Frequently Asked Questions
Is Emgality FDA-approved for all types of cluster headaches?
No. Emgality (galcanezumab) is approved only for episodic cluster headache, not chronic cluster headache. A separate clinical trial of galcanezumab in chronic cluster headache failed to meet its primary and secondary endpoints.
What is the dosing for Emgality in cluster headache versus migraine?
For cluster headache, the dose is 300 mg (three 100 mg injections) at the start of each cluster period, repeated monthly until the period ends. This is higher than the standard migraine prevention dose of 120 mg monthly (after a 240 mg loading dose).
How much does Emgality cost without insurance?
Retail pricing runs approximately $764 to $876 per injection pen.
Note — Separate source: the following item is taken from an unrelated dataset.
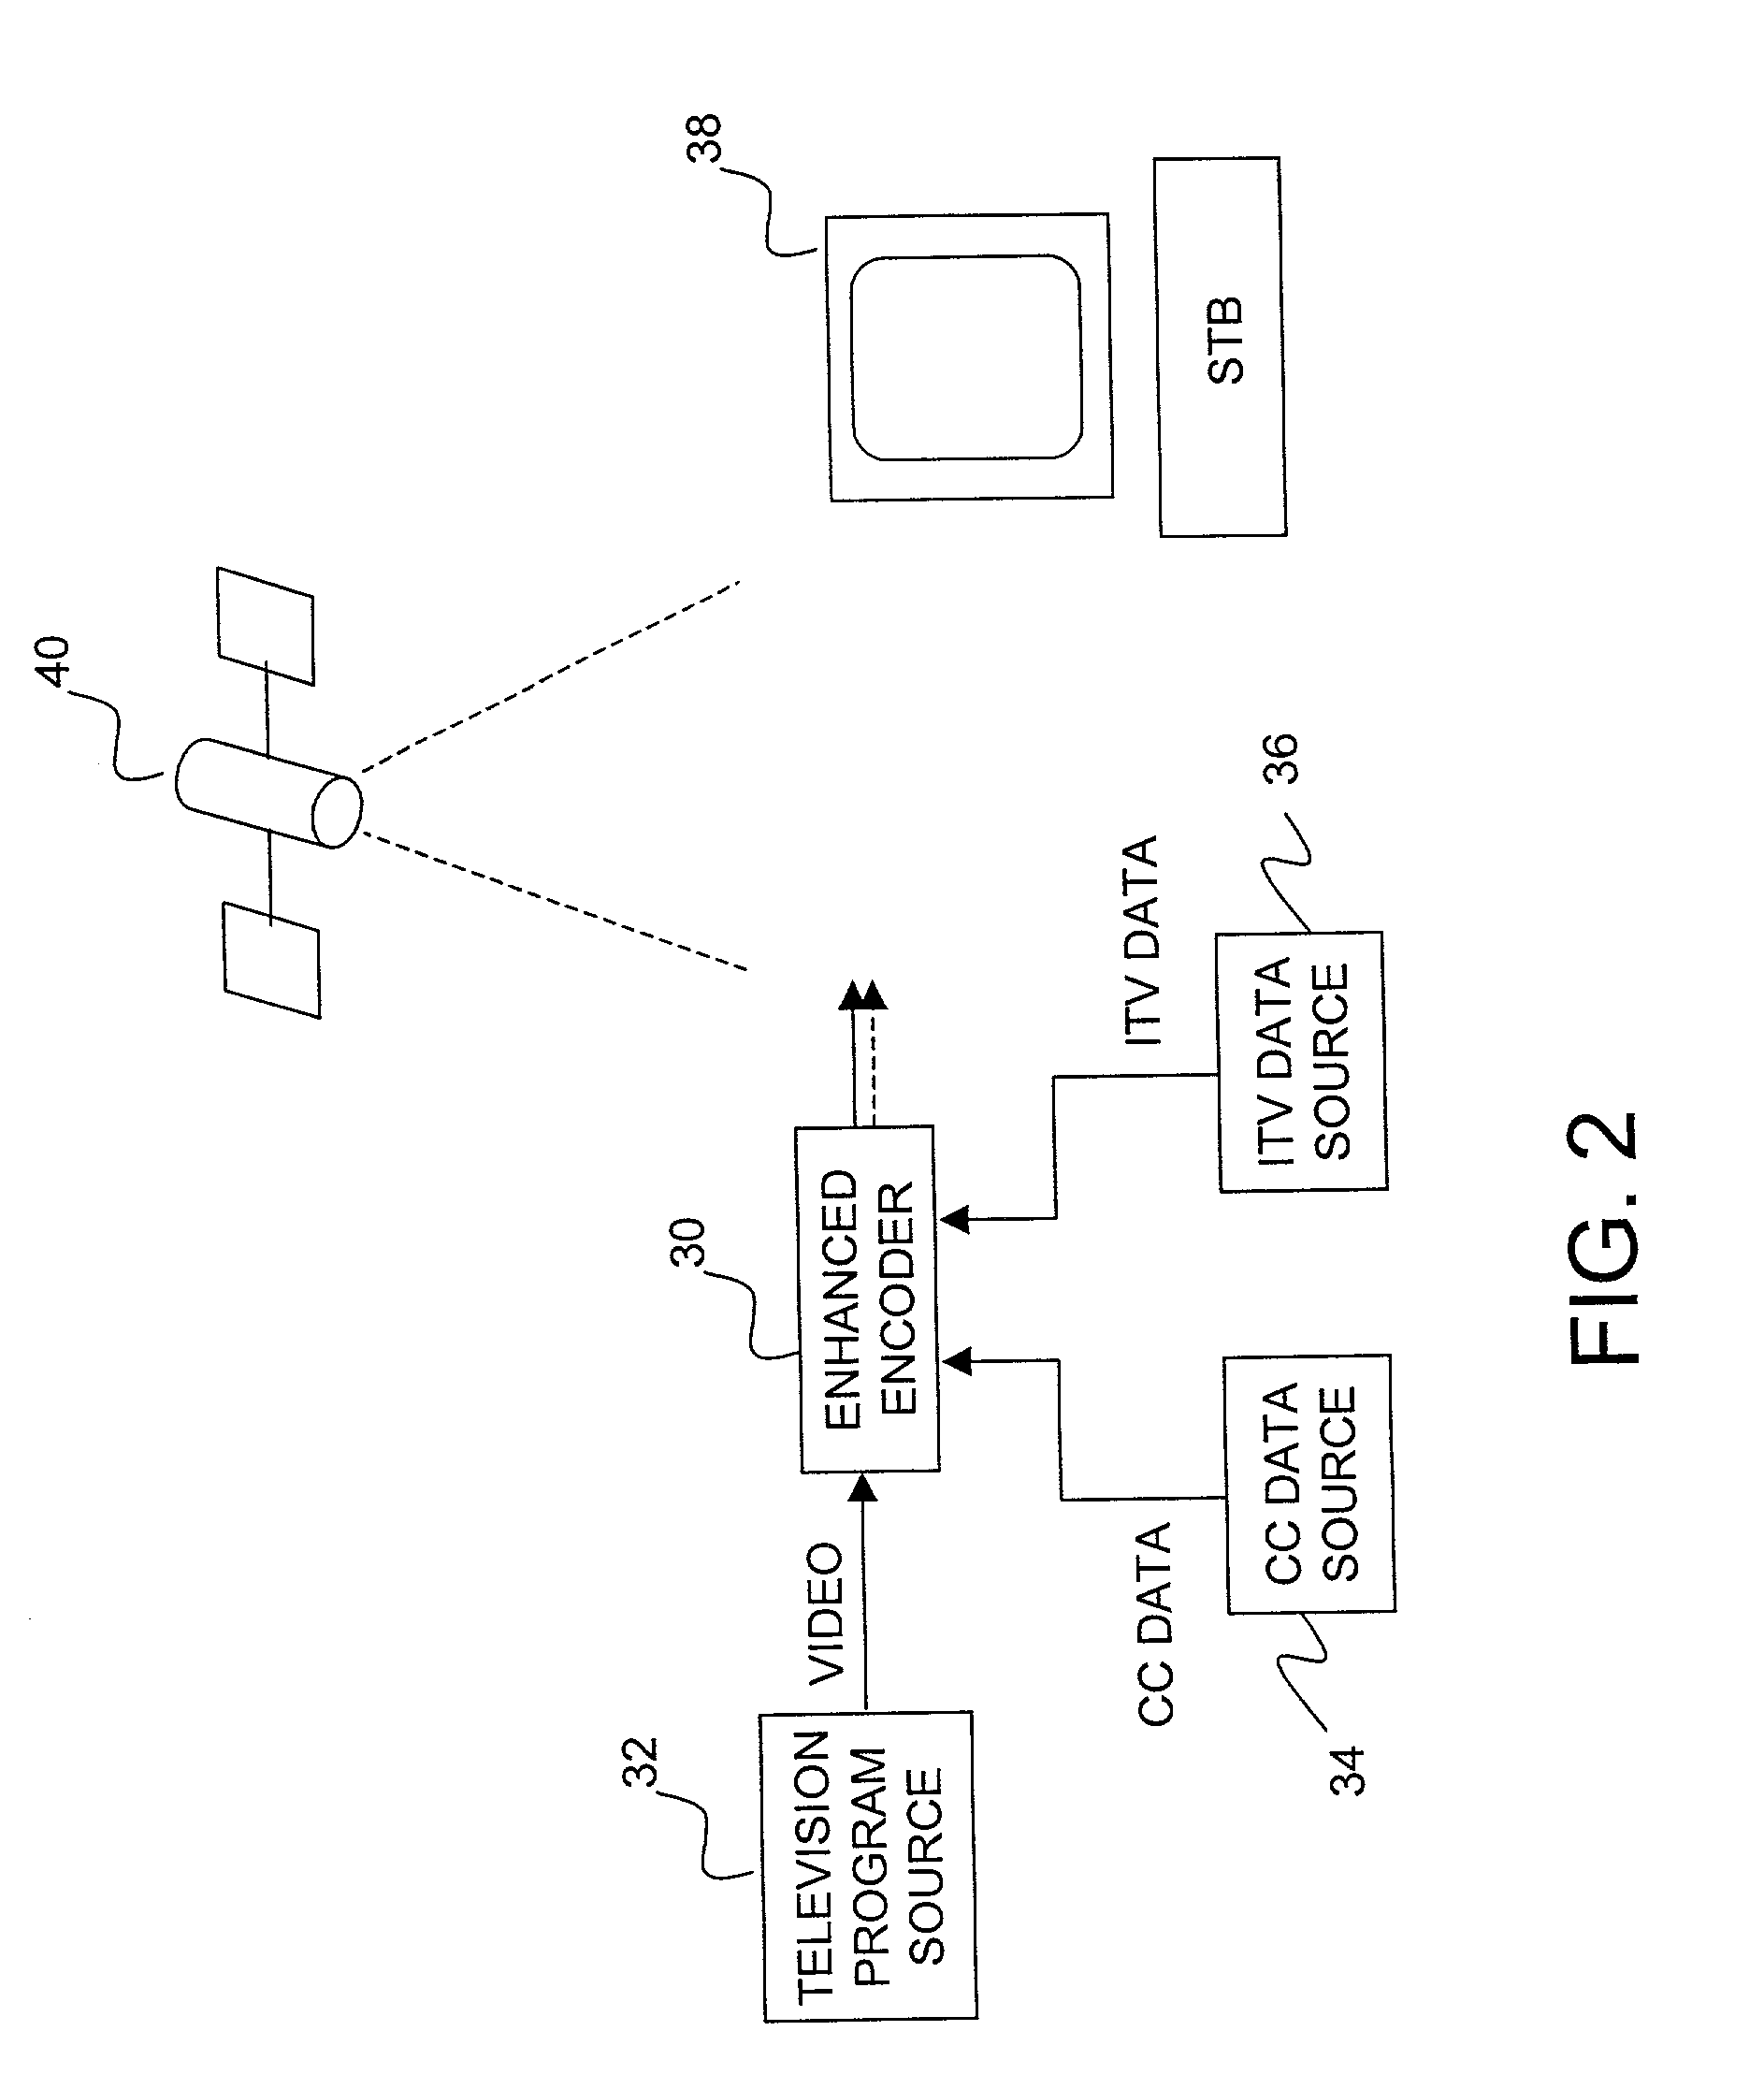 System and method for merging interactive television data with closed caption data

Since the cluster headache dose requires three pens, the initial monthly cost at retail is roughly $2,300 to $2,600. Eli Lilly’s savings card can reduce the cost to as little as $35 per month for patients with qualifying commercial insurance.
What is Brekiya, and is it a CGRP drug?
Brekiya is not a CGRP drug. It is a dihydroergotamine (DHE) autoinjector approved in May 2025 for acute treatment of migraine and cluster headache attacks. It delivers a 1 mg subcutaneous dose and is the first DHE formulation designed for easy at-home self-injection without refrigeration or assembly.
Did the erenumab trial for cluster headaches show any benefit?
No. The CHERUB01 trial published in 2025 found that erenumab did not significantly reduce chronic cluster headache attacks compared to placebo. The 50 percent responder rate was actually numerically worse in the erenumab group (31.7 percent) than in the placebo group (45.0 percent).
Are there new safety concerns with CGRP drugs?
Yes. In March 2025, the FDA updated labeling for all CGRP monoclonal antibodies and gepants to warn about the risk of developing or worsening hypertension and Raynaud’s phenomenon. Patients with existing cardiovascular conditions should discuss these risks with their physician before starting treatment.